Чернила меланхолии - Жан Старобинский
Но Гофман на этом не останавливается. Переходя от отражения к отражению, от возвращения к возвращению, все движется в нашу сторону. Театр – это наш внутренний мир, мы сами в нем «действующие лица и исполнители». Введенная сначала мифом об Урдаре, аллегория захватывает все другие уровни повествования, так что к концу Джильо и Джачинта и сами уже не столько реальные персонажи, сколько аллегорические фигуры. В последней сцене повести князь, обращаясь к Джачинте и ее мужу, провозглашает:
Видишь ли, я мог бы, памятуя о своем шарлатанстве, забросать тебя всякими непонятными и в то же время пышными фразами: я мог бы сказать, что ты фантазия, в крыльях которой юмор нуждается прежде всего, дабы воспарить; но что без тела, без плоти юмора, ты, фантазия, осталась бы только крыльями и, оторвавшись от земли, носилась бы по прихоти ветра в воздухе. Но я этого не сделаю хотя бы потому, что боюсь впасть в аллегорию…[569].

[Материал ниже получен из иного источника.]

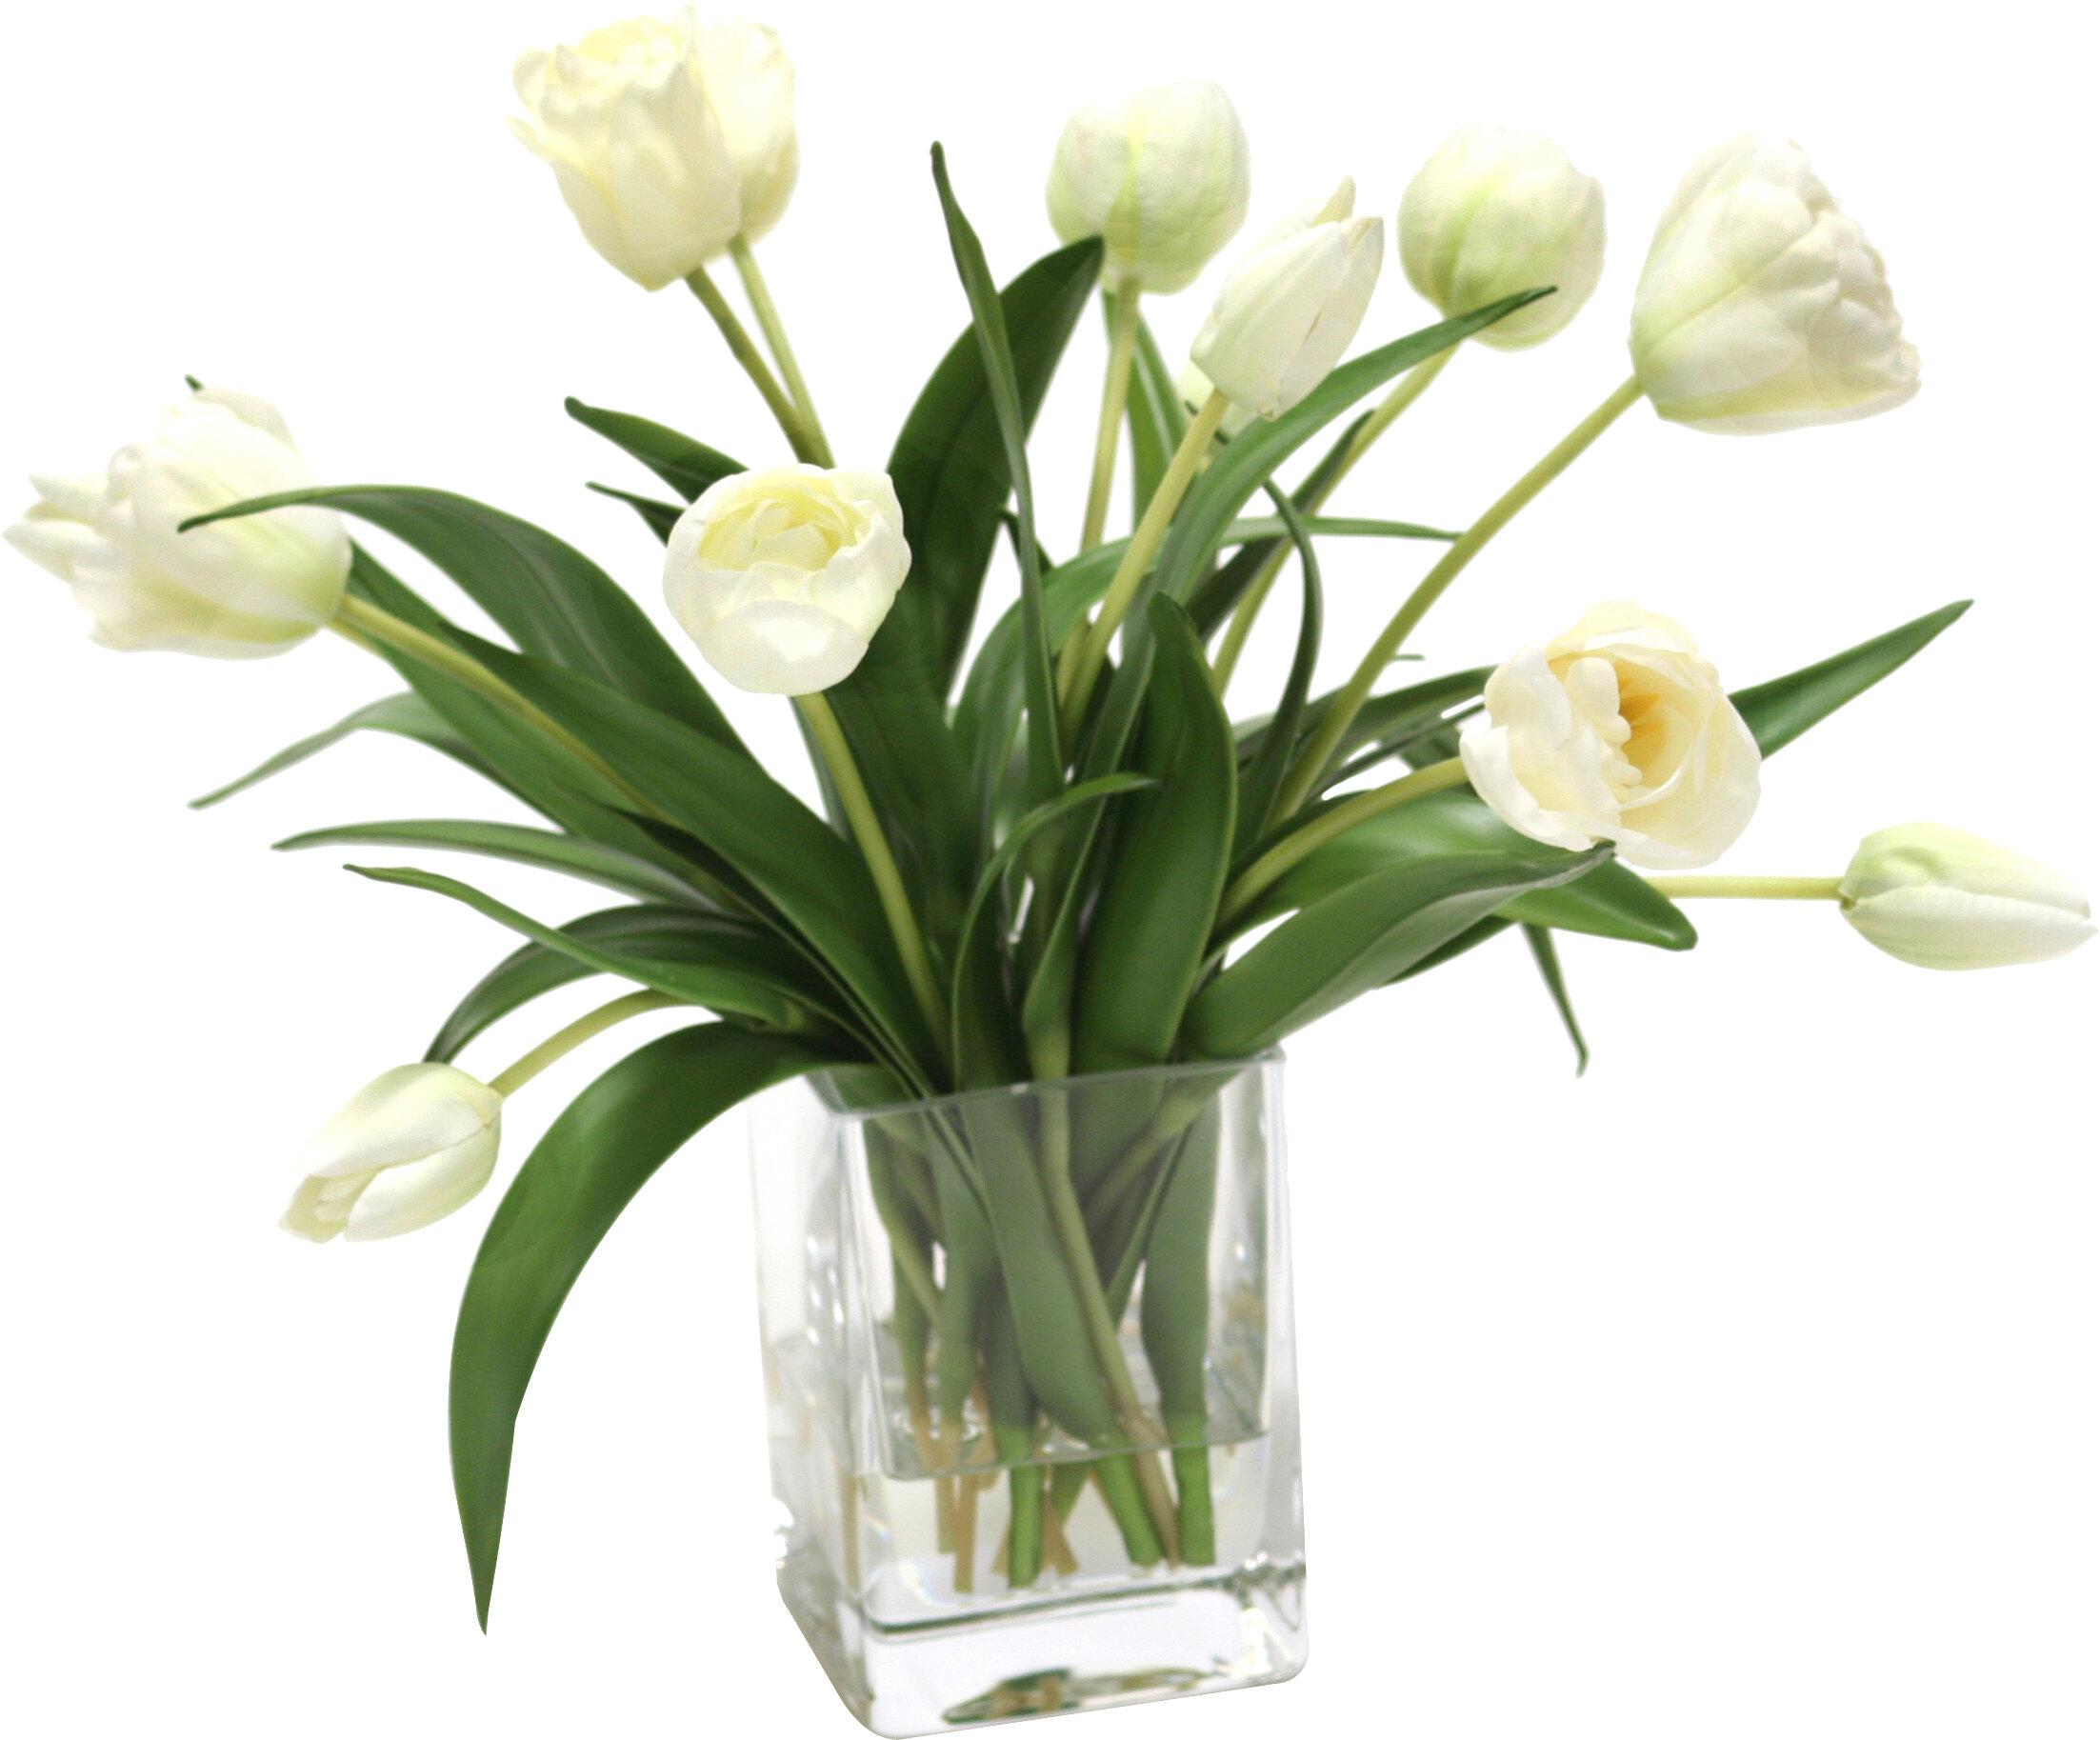 204 & Elegant Tulips Floral Arrangements in Glass Vase

Аллегорическая зараза постепенно распространяется. Оказывается, тема шитья – присутствовавшая уже с начала повести в сцене примерки платья, заказанного синьором Бескапи, – тоже несла фигуральный смысл. Портной и импресарио Бескапи признается:
Я всегда казался себе таким человеком… которого прежде всего заботит, чтобы при раскрое сразу не испортить всего: как формы, так и стиля[570].

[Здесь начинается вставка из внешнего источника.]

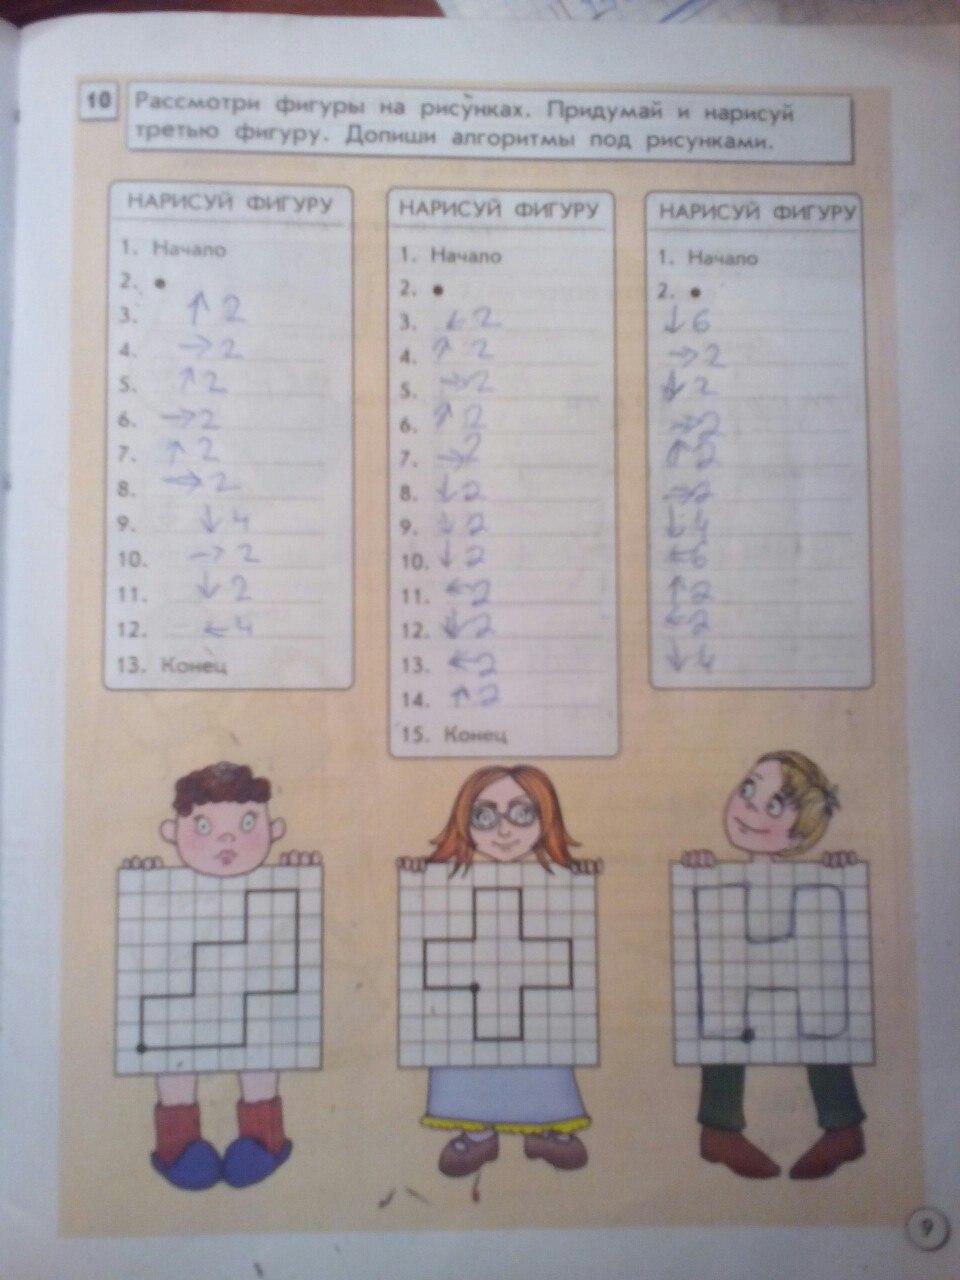 Гдз по информатике в играх и задачах 1 часть 3 класс горячев

От истолкования к истолкованию область таинственного в повести сужается. Однако мы нигде не утрачиваем ощущения радующей неисчерпаемости, но лишь глубже понимаем, что все здесь подчинено одному – прихоти художника (переодетого под «маэстро Калло»). Существование и несуществование постоянно сменяемых героев – целиком в руках автора: через них он дает нам урок иронии. Королевство Урдар, помещенное у начал мира, само представляет собой зеркало, в котором сознанию художника открывается зрелище его собственных начал и последующих судеб. Это призма, преломляющая его собственное изображение. Он расщепляется на фигуры волшебников, злых духов, персонажей королевской крови, актеров, шарлатанов, но наделяет каждого из них частицей той творческой силы, которую расходовал, их создавая: все персонажи повести – художники разного мастерства и достоинства, и все они – отдаленные отсылки к свободному и полновластному автору, которого, каждый по-своему, воплощают. Он вбирает их всех в себя, как неоплатонический демиург, дав им временную жизнь на страницах книги. Последним из упомянутых в ряду родников и зеркал становится тот, в котором берет начало само повествование: «Здесь вдруг иссякает источник, из которого, благосклонный читатель, черпал издатель этих страниц»[571].
Меланхолия, результат пережитого душой разрыва, исцеляется иронией, то есть отстранением и переворачиванием, которые утверждает активная сила духа, призвавшего на помощь воображение. Урок Гофмана как будто смыкается здесь с понятийным языком философии, но Гофман дает нам его, черпая множество элементов у Гоцци и старинной сказки, главный из которых – образ принца-меланхолика. Ибо без такого развертывания в повествовании и сказке воображаемая явь была бы ущербной и дух не нашел бы зеркал для собственного образа – ведь понятийный язык ограничивается лишь сетью…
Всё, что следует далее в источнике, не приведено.